Испытать на себе довелось
Радость встреч и боль расставаний.

Этих дней невозможную нежность
Мне уже никогда не забыть.
Не взирая на всю безнадежность,
Сердце рвется к тебе, чтоб любить.

----------


## luudvig

_Написал бы стихи.О тебе,для тебя...
Может,в рифму,а может и белым.
Только всё это,кажется зря.
Я любил так тебя неумело,

Что однажды пургой занесло
Всё,что было. И всё,чему верил.
Не узнает больше никто...
Как любовь я рифмами мерил.

P.S.

Нет,узнает!Но только не ты!
Будет кто-то роднее и ближе.
Будут новые рифмы,мечты,
И рассвет ослепительно-рыжий!

И со мною ОНА будет вечно светла,
И надежда- бескрайнею синью.
И я кнопкой "delete" сотру имена,
И события,покрытые пылью._
"О тебе"  http://www.realmusic.ru/songs/606597/

----------


## CTARый

> "О тебе"  http://www.realmusic.ru/songs/606597/


Иногда мои рифмы ложатся на ноты...

Валера,спасибо!:smile:

----------


## Skadi

> Иногда мои рифмы ложатся на ноты...


Я бы не сказала, что иногда, Алёш :rolleyes:

----------


## CTARый

*Сотовая*


Звонок.
-Алло.

-Привет.

-Привет.

-Куда рпопал?

-Да,нет,
Не пропадал.

-Что не звонил?

-Дела.Немного занят был.
Как ты? Как твои дела?

-Нормально.

-Ты,как всегда,
В ответах неоригинальна.
Чем занята?

-Ничем.Мне холодно и одиноко.
Быть может встретимся?

-Во сколько?

-Ну,скажем,в пять.

-...хотел спросить...
мне нужно знать...

-Так мы увидимся?

-Не знаю.
Сегодня в шесть 
Я улетаю.

-Куда?

-В Москву.

-Жаль.А когда обратно?

-Послушай,всё так непонятно.
Давай поговорим о нас?

-Давай,но позже.Не сейчас.

- ...

-Ты что молчишь?

-Мне пора,прости.

Короткие гудки.
Дозвон повторный:
...-Абонент
вне зоны действия сети...

----------


## luudvig

> Иногда мои рифмы ложатся на ноты...


Лёш,это твои стихи записанные нотами.Спасибо за творчество.

----------


## CTARый

*Сердце*


Когда погаснут краски угасающего дня
И стихнут звуки, повинуясь жестам ночи,
Быть может, где-то далеко, ты вспомнишь про меня,
И дождь прольётся за стеклом,смывая эти строки.

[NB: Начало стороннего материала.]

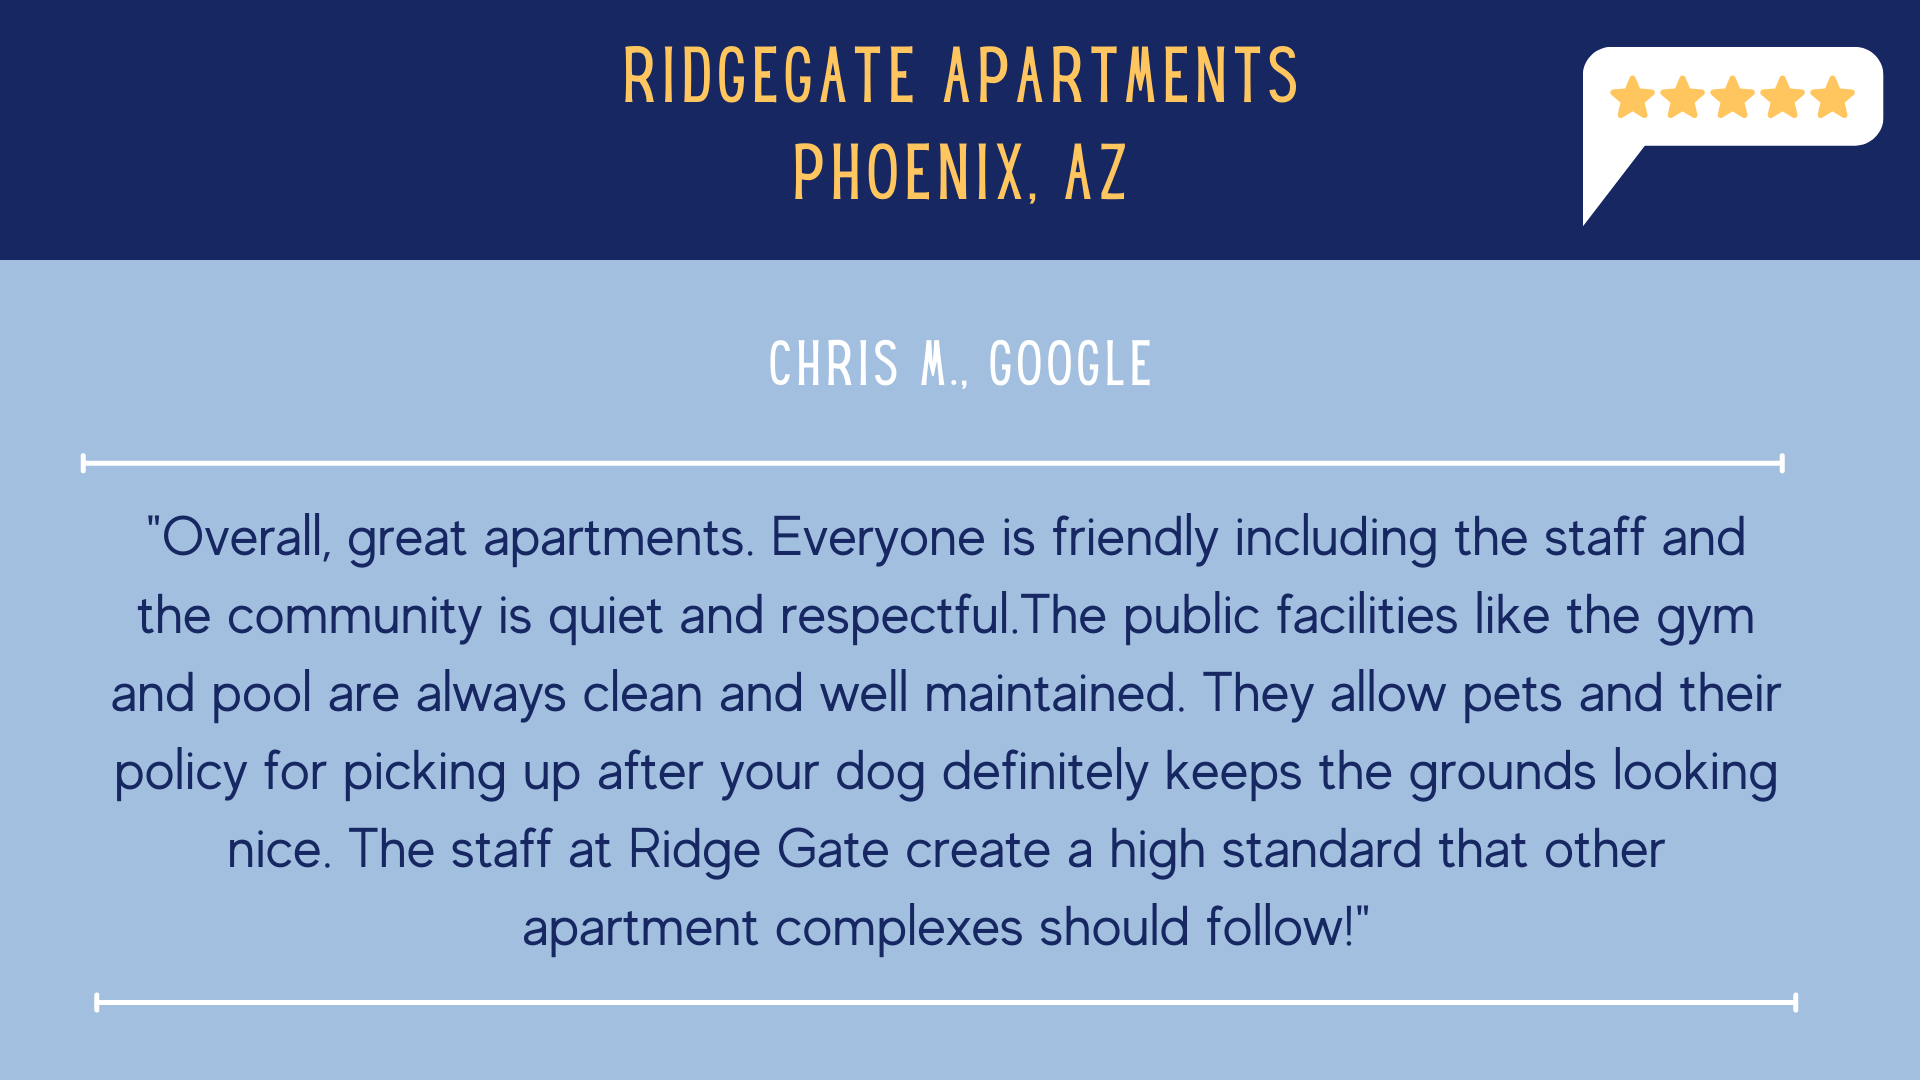 RidgeGate Apartments 5 Star Review
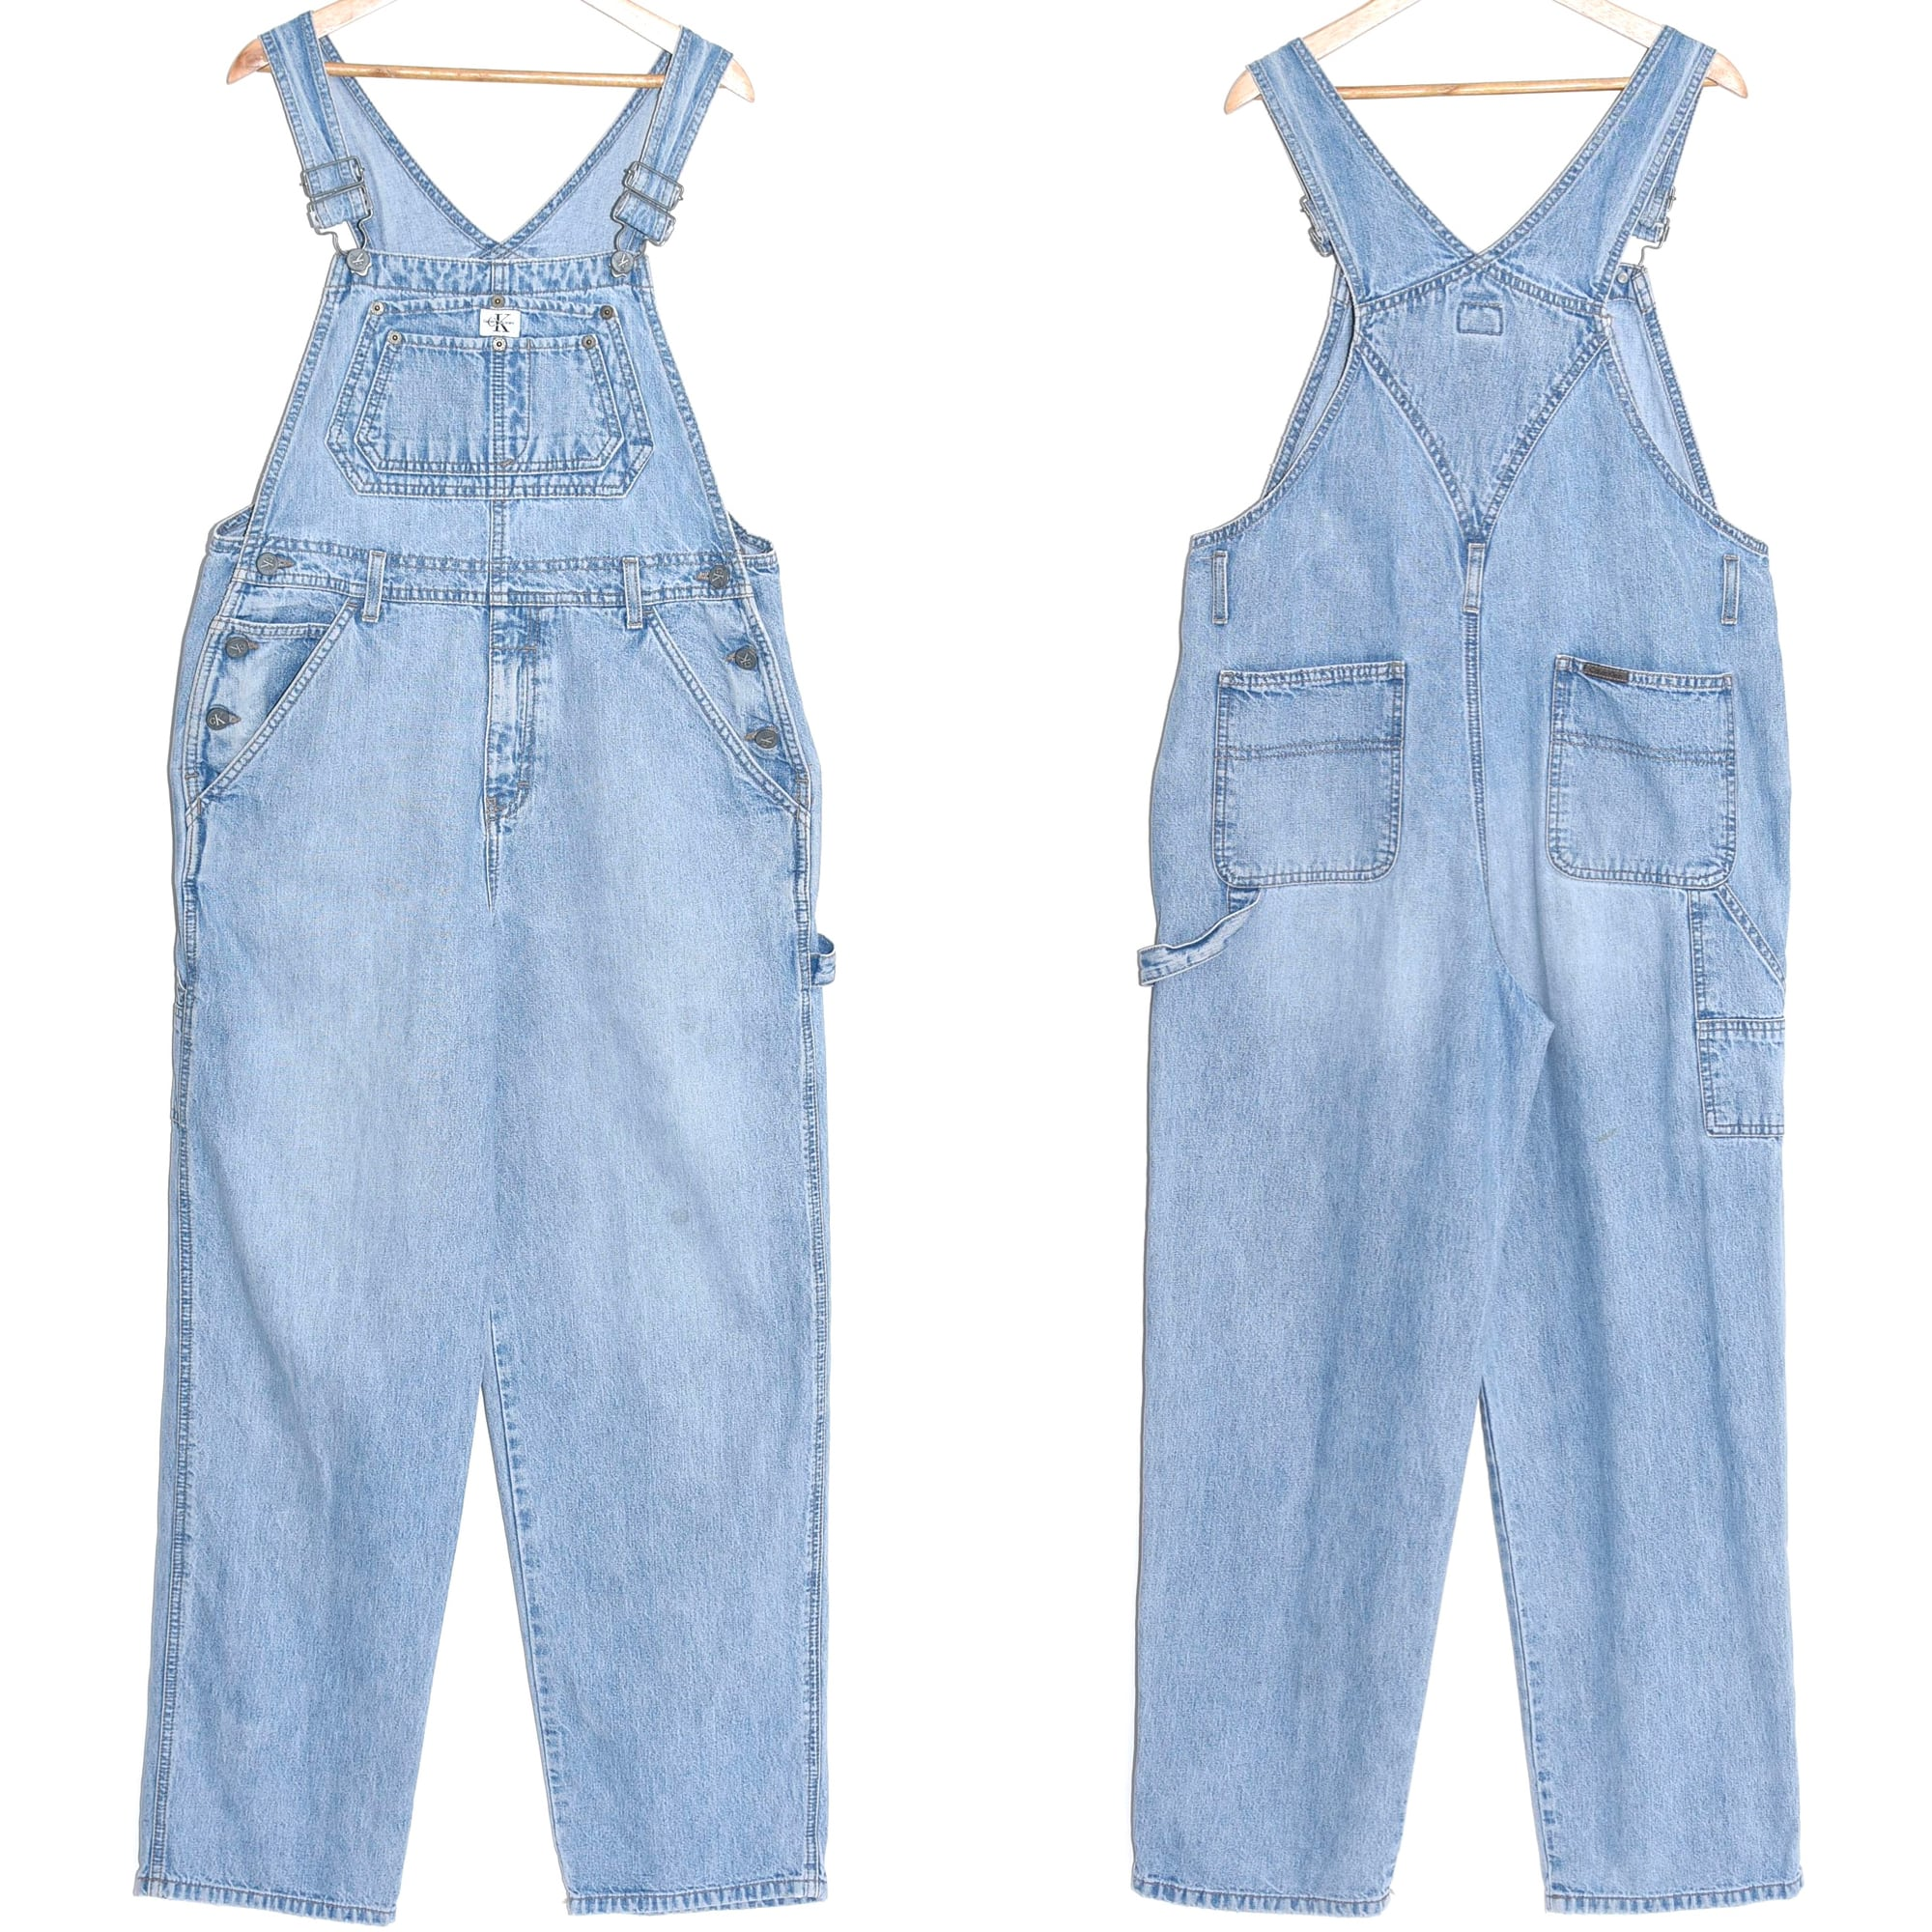 90's Calvin Klein denim overall Made in USA

Прислушиваясь робко к стуку капель за стеклом,
Как отзвук эха ,расколовшись, еле дышит.
Вдруг стихнет всё,и в унисон с дождём, 
Стук сердца моего внезапно ты услышишь.


И все, что было недосказано,
Сквозь улиц мокрых силуэт,
Оно расскажет лишь тебе одной,
Оно расскажет лишь тебе.
И долго дождик будет падать в ночь,
Скрывая слёз своих обман.
А утром превратится дождь в туман.


Не слушай дождь. потоки лживых фраз,
И капли на стекле друг с другом так похожи.
Как братья-близнецы.
Слова и дождь- всё ложь.
Послушай моё сердце- оно солгать не сможет


И все, что было недосказано,
Сквозь улиц мокрых силуэт,
Оно расскажет лишь тебе одной,
Оно расскажет лишь тебе.
И долго дождик будет падать в ночь,
Скрывая слёз своих обман.
А утром превратится дождь в туман...

----------


## Skadi

> _И долго дождик будет падать в ночь,
> Скрывая слёз своих обман.
> А утром превратится дождь в туман..._


Алёш, очень красиво и...светло, не смотря на печаль  :flower:

----------


## CTARый

*Что написать тебе...*

Что написать тебе в письме?
Я-не Онегин,ты-не Татьяна.
Роман закончен,и тебе
Не стал я рыцарем без страха и изъяна.

Что написать тебе в письме?
Я-не Ромэо,ты- не Джульета
Я не грущу,немного жалко мне,
Что так недолго пели мы дуэтом.

Я не грущу.Исчезла острота
Моих эмоций мировосприятья,
Но помнят поцелуи сладкие уста,
Тоскуют руки по нежности объятий.

Роман закончен.Эпилог.
И время подводить итоги.
Уже трудней ложится в рифму слог,
И поразнь идут наши дороги.

----------


## Skadi

> Что написать тебе в письме?
> Я-не Онегин,ты-не Татьяна.
> Роман закончен,и тебе
> Не стал я рыцарем без страха и изъяна.


Что написать тебе, не знаю...
Ты - не Татьяна. Я ж Онегиным не стал.
Роман закончен наш - бывает...
Такое чувство, что опять себе наврал.

----------


## barbarossa

Бывает разное на свете,
Дива случаются в тиши:
Душа душе душой ответит
На тихий огонек души...

----------


## Skadi

> И я кнопкой "delete" сотру имена,
> И события,покрытые пылью.


Если б было так просто -
Всё взять и забыть,
И в момент кнопкой нужной
"delete" удалить...

----------


## CTARый

**

*Адам и Ева*

Эдем. Не я был первым там.
И ты была не первой.
Но все же, доверяясь небесам.
В начале всех начал.
Коль звали бы меня Адам…
То ты была бы Евой.

----------


## Alenajazz

То есть второй бы была...
Ведь не Ева - первая!
Лилит! Её имя - зола...
Хрупкая, нежная, смелая...

----------


## ELA1

*CTARый*,
 Лешка  :Ok:  Ты всё знаешь, рада что наконец добрался и решился  :Oj:

----------


## CTARый

> То есть второй бы была...
> Ведь не Ева - первая!
> Лилит! Её имя - зола...
> Хрупкая, нежная, смелая...


Лилит...она была.И первою была безспо рно.
Как Ева,Господом дана.Но не желала быть покорной.
Три Ангела Господь послал во след сбегающей девице.
За непослушность наказал и превратил в ночную птицу.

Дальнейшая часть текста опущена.